YOUR GOAL: Below is a listing. Quote from it, exactly, the lines from the one containing "NHRA Set To" down to the one containing "2 1/2 CENT 1965", both ends included, and nothing else.

GIVEN RECORDS:
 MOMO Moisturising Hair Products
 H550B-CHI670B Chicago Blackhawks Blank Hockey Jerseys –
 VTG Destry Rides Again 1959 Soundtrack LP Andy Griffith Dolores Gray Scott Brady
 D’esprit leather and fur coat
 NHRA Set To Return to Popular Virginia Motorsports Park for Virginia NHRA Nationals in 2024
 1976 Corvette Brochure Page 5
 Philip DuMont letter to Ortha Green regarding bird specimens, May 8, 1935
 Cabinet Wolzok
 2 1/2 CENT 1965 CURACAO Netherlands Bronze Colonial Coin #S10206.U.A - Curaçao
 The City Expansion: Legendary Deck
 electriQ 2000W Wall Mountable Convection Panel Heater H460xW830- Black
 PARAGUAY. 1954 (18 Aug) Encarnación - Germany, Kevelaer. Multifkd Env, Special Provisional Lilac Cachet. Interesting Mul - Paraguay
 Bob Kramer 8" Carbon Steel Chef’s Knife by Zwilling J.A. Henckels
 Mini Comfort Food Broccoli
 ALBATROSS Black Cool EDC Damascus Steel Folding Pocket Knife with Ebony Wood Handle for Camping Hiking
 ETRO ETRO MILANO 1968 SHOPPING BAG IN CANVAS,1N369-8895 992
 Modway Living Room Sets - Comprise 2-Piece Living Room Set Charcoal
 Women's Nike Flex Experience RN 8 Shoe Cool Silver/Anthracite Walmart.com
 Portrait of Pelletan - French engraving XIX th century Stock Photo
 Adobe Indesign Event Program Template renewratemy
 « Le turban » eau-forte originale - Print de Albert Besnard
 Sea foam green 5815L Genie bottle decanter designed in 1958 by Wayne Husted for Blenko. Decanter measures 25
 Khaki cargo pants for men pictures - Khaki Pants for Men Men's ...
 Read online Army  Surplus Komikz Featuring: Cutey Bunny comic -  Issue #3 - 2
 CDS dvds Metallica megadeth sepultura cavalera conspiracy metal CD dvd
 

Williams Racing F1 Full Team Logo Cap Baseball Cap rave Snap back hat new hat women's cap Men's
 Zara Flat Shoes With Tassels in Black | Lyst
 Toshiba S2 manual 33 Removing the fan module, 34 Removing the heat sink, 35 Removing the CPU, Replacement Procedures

REPLY:
 NHRA Set To Return to Popular Virginia Motorsports Park for Virginia NHRA Nationals in 2024
 1976 Corvette Brochure Page 5
 Philip DuMont letter to Ortha Green regarding bird specimens, May 8, 1935
 Cabinet Wolzok
 2 1/2 CENT 1965 CURACAO Netherlands Bronze Colonial Coin #S10206.U.A - Curaçao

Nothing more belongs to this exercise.